Hacker News new | ask | show | jobs
by arp242 849 days ago
If the data is public or semi-public then chances are I consented to display that data there. I consented to it being used on that site, for the purpose of that site. Not for random other companies.

And most scraping isn't done by users. It's done by companies. For profit. Often for less than enlightened reasons.

LinkedIn is a good example: I want my data displayed to people on that job site. I don't want it harvested by every recruiter under the sun who will then spam me. I certainly don't want that data sold between those recruiters long after I deleted my account on LinkedIn. Tinder and sites like that are also an obvious example: yes it's (semi-)public, but I also wouldn't want it to be scraped and harvested by some company – I just want it to be shown temporarily to a limited set of people.

1 comments

In general, I don't think people should have a moral right to decide where and how the data that they made public is used, or to decide if it can get scraped or not.

And, in general, I take the fact that you published something on the Internet as a tacit moral consentment for the rest of the world to use it how they want.

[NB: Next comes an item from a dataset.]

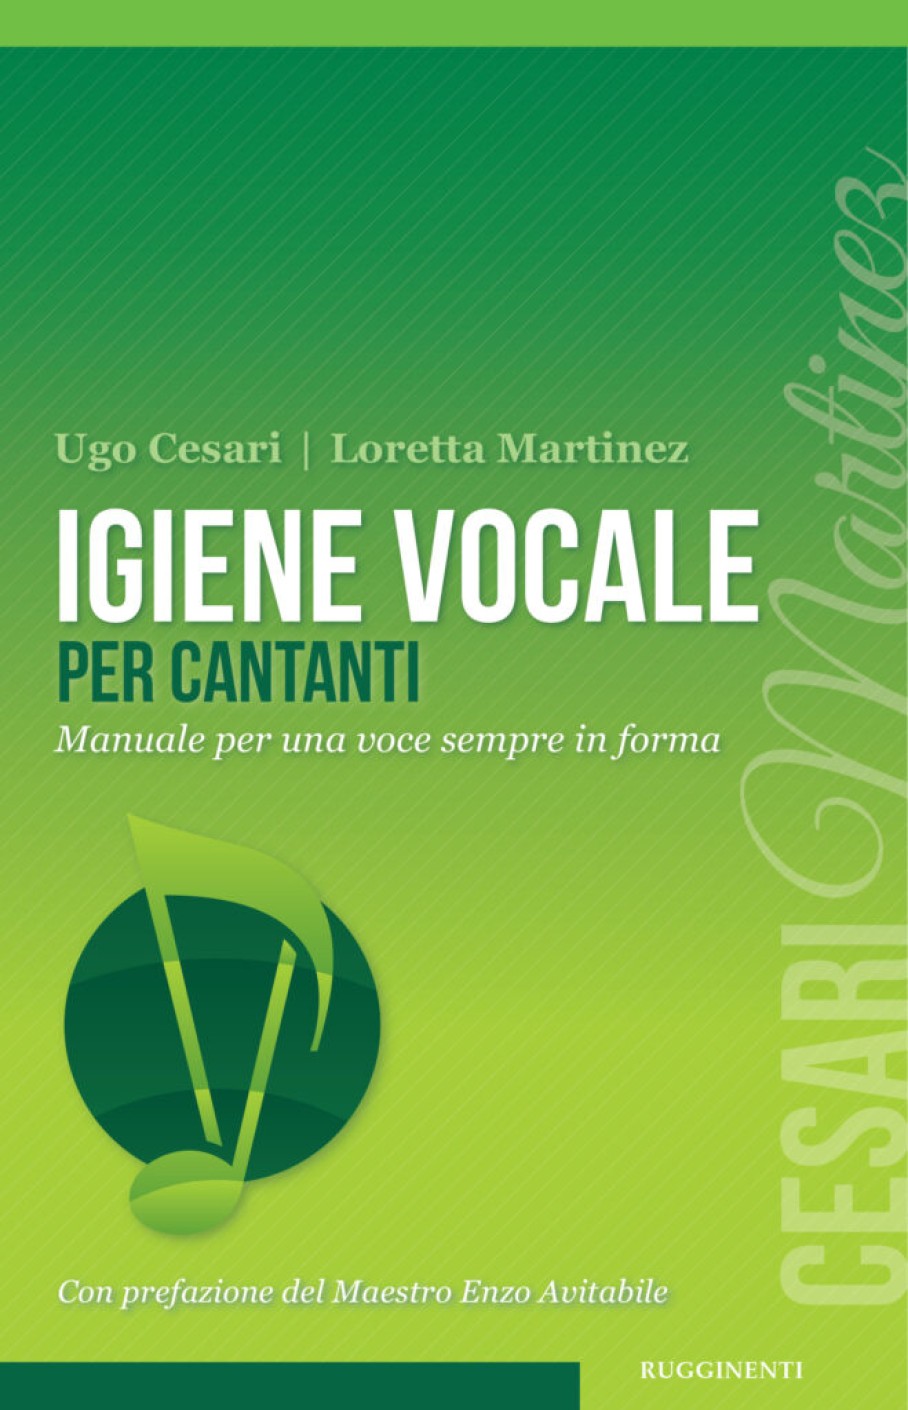 Igiene vocale per cantanti, il secondo libro di Loretta Martinez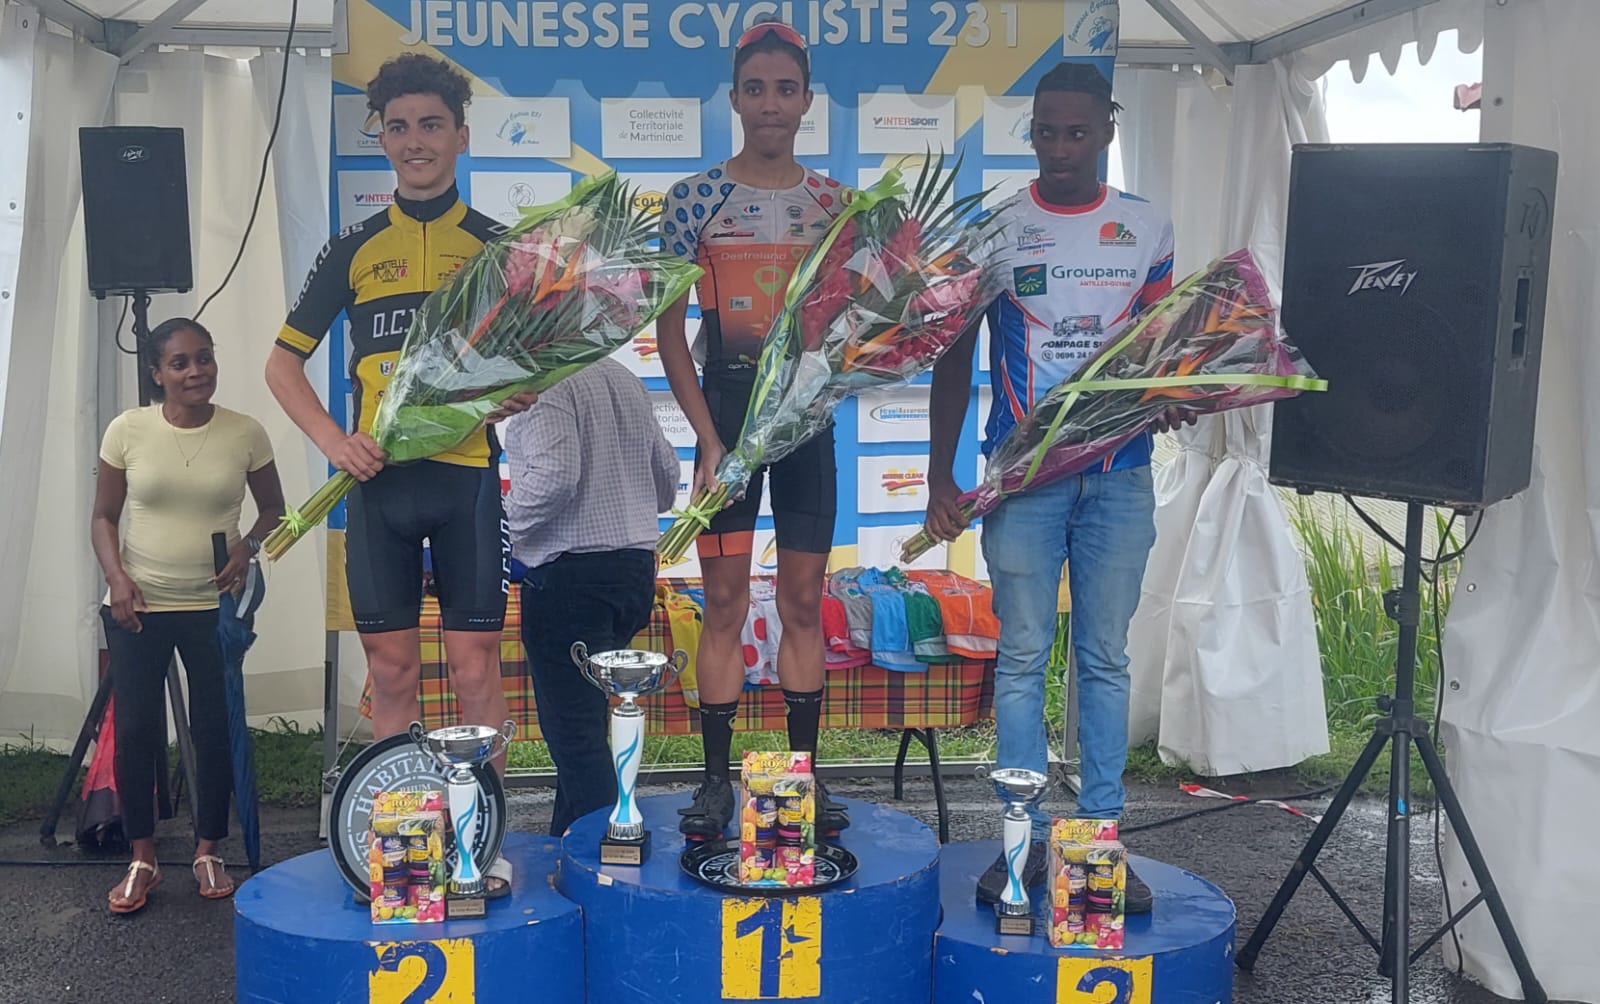     Tour cycliste junior : le guadeloupéen Yonis Peres remporte la première étape

This comes with a couple of big asterisks, because (1) Copyright law exists, and I generally try to not break the law, even if I don't agree with it. But the discussion in this thread is mostly separate from copyright: for instance, I don't think a court would see someone scraping and redistributing data from someone's LinkedIn profile as a copyright infringement case.

And (2) because I think that in some specific cases, using published data can be morally wrong, but not as a general rule.

i somewhat agree; people volunteer it when posting anything online. but they also volunteer their advertising id on their phones (even if they dont know it) - just as they dont know (and dont care) they are the product when on websites like facebook

i feel the 'antibot' stuff is more related to the adtech industry vs site-scrapers - remember getting a dedicated server and having friends click on links just to pay for it? Geocities and all these free websites, the biggest costs were bandwidth and storage (not that its not now)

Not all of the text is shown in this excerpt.